Reacher and his team are ambushed while paying their respects to a fallen comrade in an exciting episode of Prime Video’s hit Reacher. A defector makes an awkward return to NASA while a devious plot unfolds on Mars in For All Mankind. The Peabody-winning Craft in America shines a light on miniature crafts.
Reacher
Even a funeral isn’t safe for Reacher (Alan Ritchson) and his former Army buddies in another exciting episode of the hit series based on Lee Child’s books. The hulking hero gains new respect for the NYPD’s Det. Guy Russo (the hugely entertaining Domenick Lombardozzi) when Reacher sees how good he is with the son of their fallen comrade, but after they’re ambushed at graveside, Reacher is far less impressed by the officer’s driving skills. “I thought this was supposed to be a high-speed pursuit,” he grumbles as Russo tries to keep up with a fleeing shooter. Elsewhere, Neagley (Maria Sten) and Dixon (Serinda Swan) head to Denver to get intel on New Age Technologies, only to run across a violent hijacking of some very dangerous hardware.
For All Mankind
Having defected to Russia for very complicated reasons, former NASA director Margo Madison (Wrenn Schmidt) isn’t surprised to get the cold shoulder from her former colleagues when she reluctantly returns to Houston to assist in the plans to retrieve a valuable asteroid.
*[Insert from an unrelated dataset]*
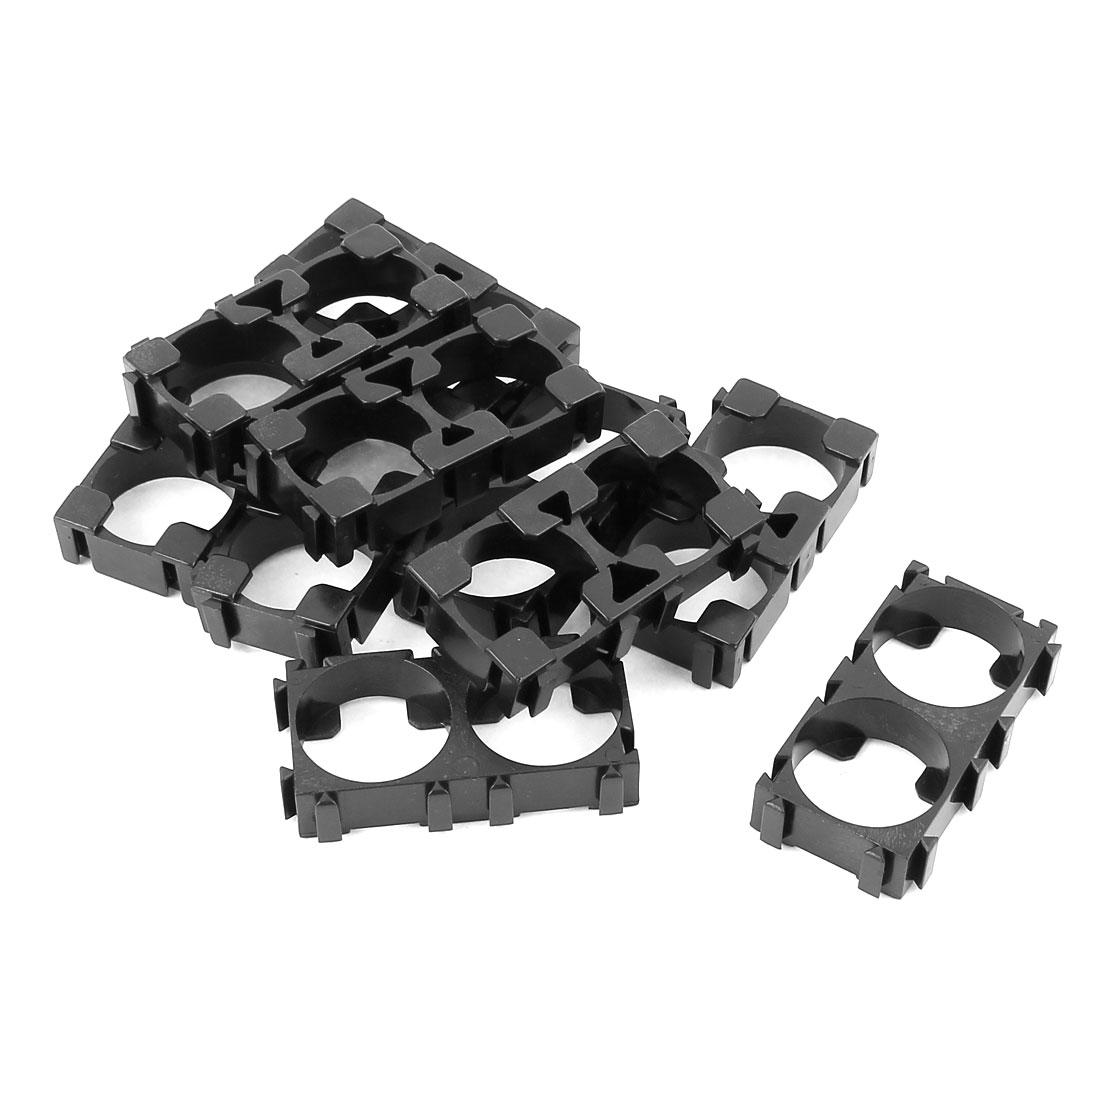 10 Pcs 18650 Lithium Cell Battery Double Holder Bracket for DIY Battery Pack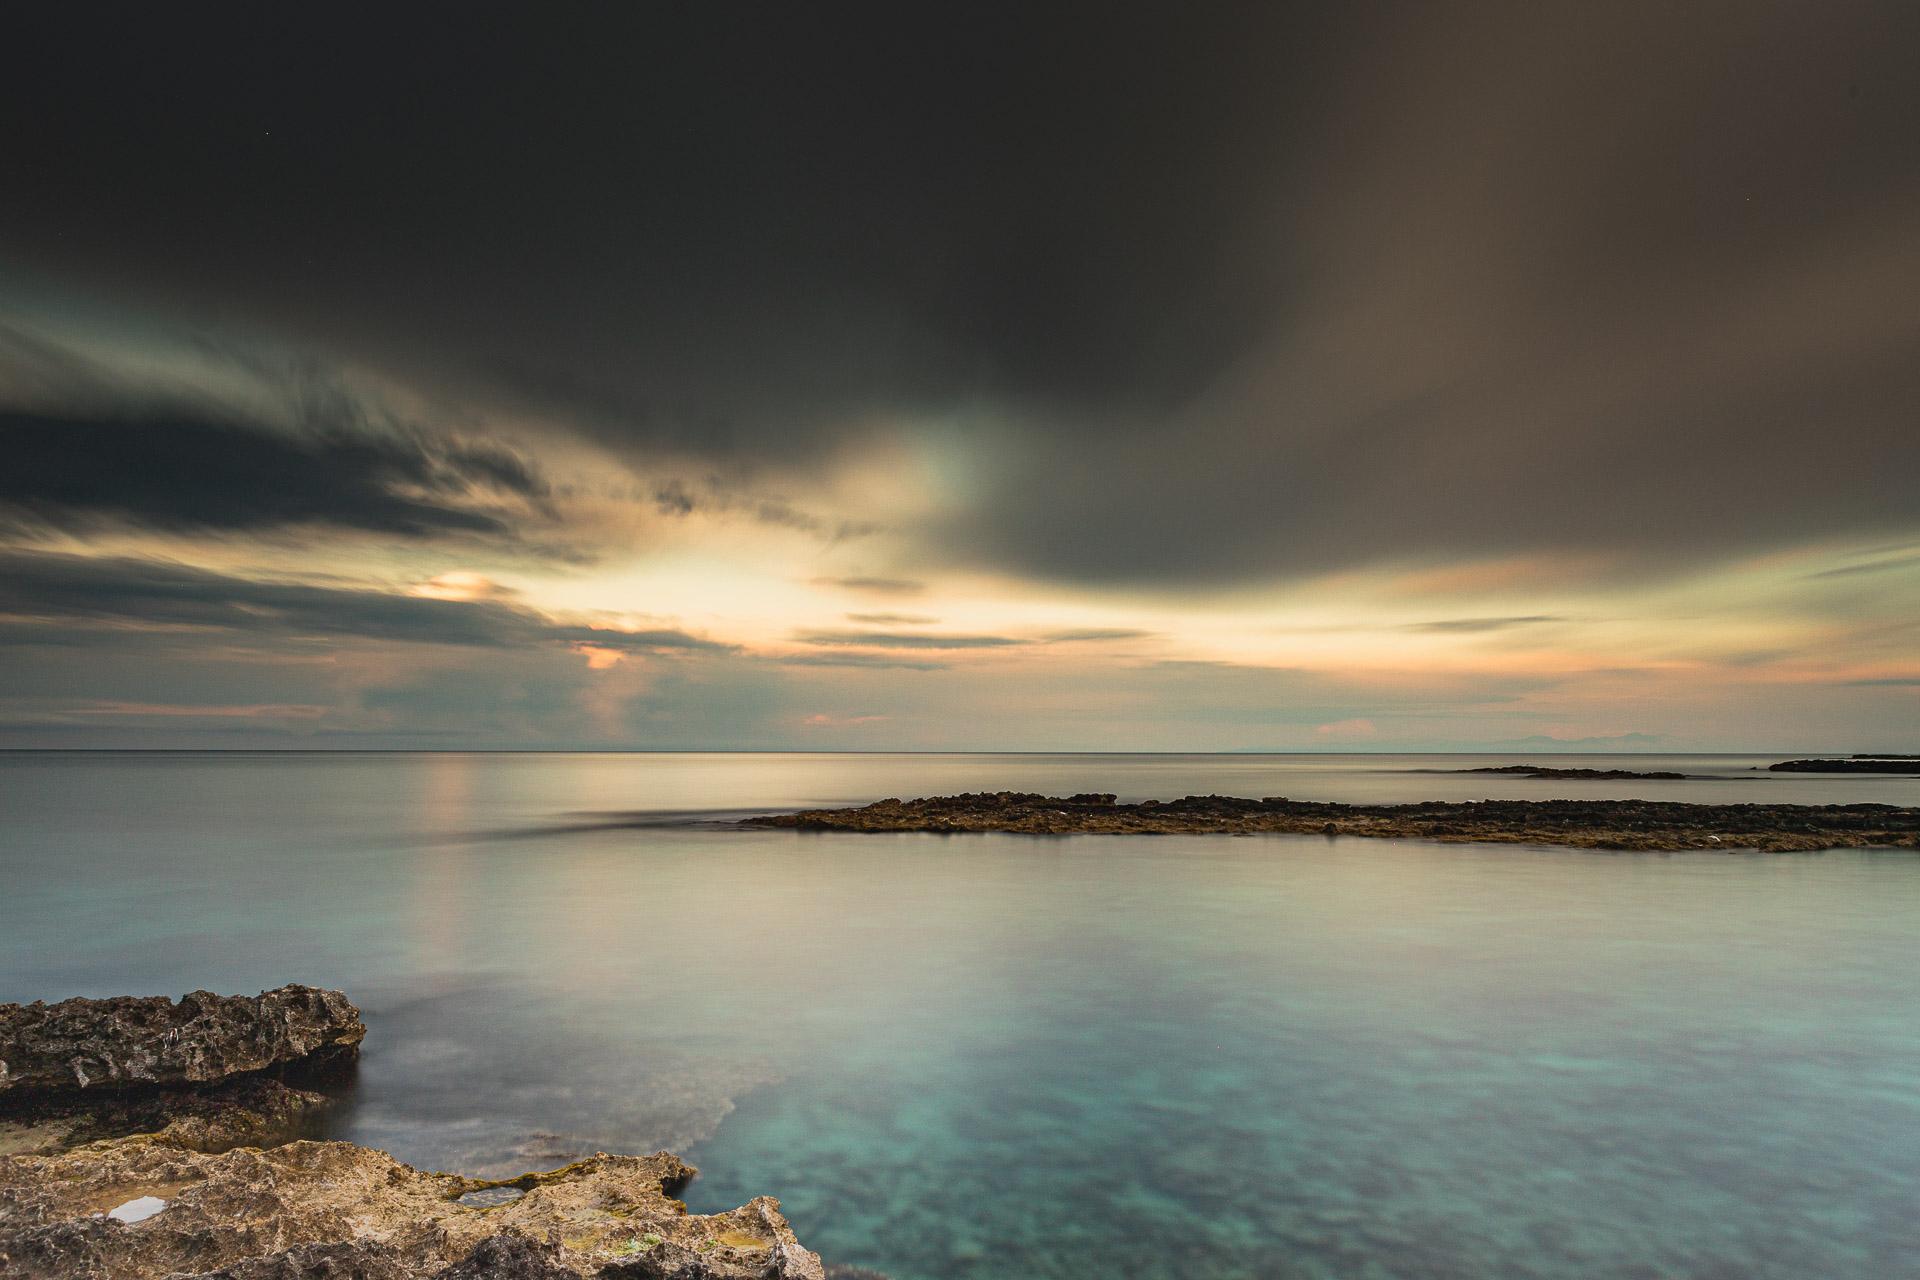 Sunset seascape long exposure photography

But she’s in for a real shock when an important figure from her past tracks her down. Up on Mars, disgruntled Ed Baldwin (Joel Kinneman) schemes with Helios founder Dev Ayesa (Edi Gathegi) to subvert the asteroid capture for their own benefit, risking anything and anyone to get what they want. With only two more episodes of the excellent Season 4 remaining, we can’t help but watch this subplot unfold with dread.
Craft in America
The Peabody Award-winning series devoted to the cultural significance of handmade objects and their creators returns with two episodes, including a close look at painstakingly detailed miniature crafts, featuring artists from Cuba and Mexico to Uzbekistan and the U.S. The hour includes a visit to Santa Fe’s International Folk Art Market and the New Mexico Museum of Art, where the late Gustave Baumann’s century-old marionettes are on display. An accompanying episode about the intersection of “Play” and art includes segments on distinctive piñatas, handmade puppets and cleverly repurposed items like a unicorn fashioned from Mardi Gras beads. It’s OK to try this at home.
The World According to Football
The docuseries about soccer’s potential to effect social change ends in Qatar. Narrator Trevor Noah covers how the world’s focus on the 2022 FIFA World Cup’s host country exposed the way it dropped the ball on human rights.
Monarch: Legacy of Monsters
The painfully slow build of this fantasy thriller can be frustrating, but with signs pointing to another Godzilla-size catastrophe looming, Monarch sends the young heroes to Kazakhstan, site of the 1959 tragedy, where Shaw (Kurt Russell) plans to seal the portal to the underground where monsters dwell. “There’s a world down there,” he tells Cate (Anna Sawai), “and it’s not ours.” But somehow, these worlds always have a way of colliding.
BOWL MANIA:
- Heading into the New Year’s weekend, where playoff games at the Rose and Sugar Bowls will decide who’ll play in the National Championship Game in January, regional bowl games proliferate. The lineup includes the TaxSlayer Gator Bowl (noon ET, ESPN) in Jacksonville, with No. 22 Clemson vs. Kentucky; the Tony the Tiger Sun Bowl (2 pm/ET, CBS) in El Paso, with No. 16 Notre Dame vs. No. 19 Oregon State; the AutoZone Liberty Bowl (3:30 pm/ET, ESPN) in Memphis, with Memphis vs. Iowa State; and the Goodyear Cotton Bowl Classic (8 pm/ET, ESPN) in Dallas, with No. 9 Missouri vs. No. 7 Ohio State.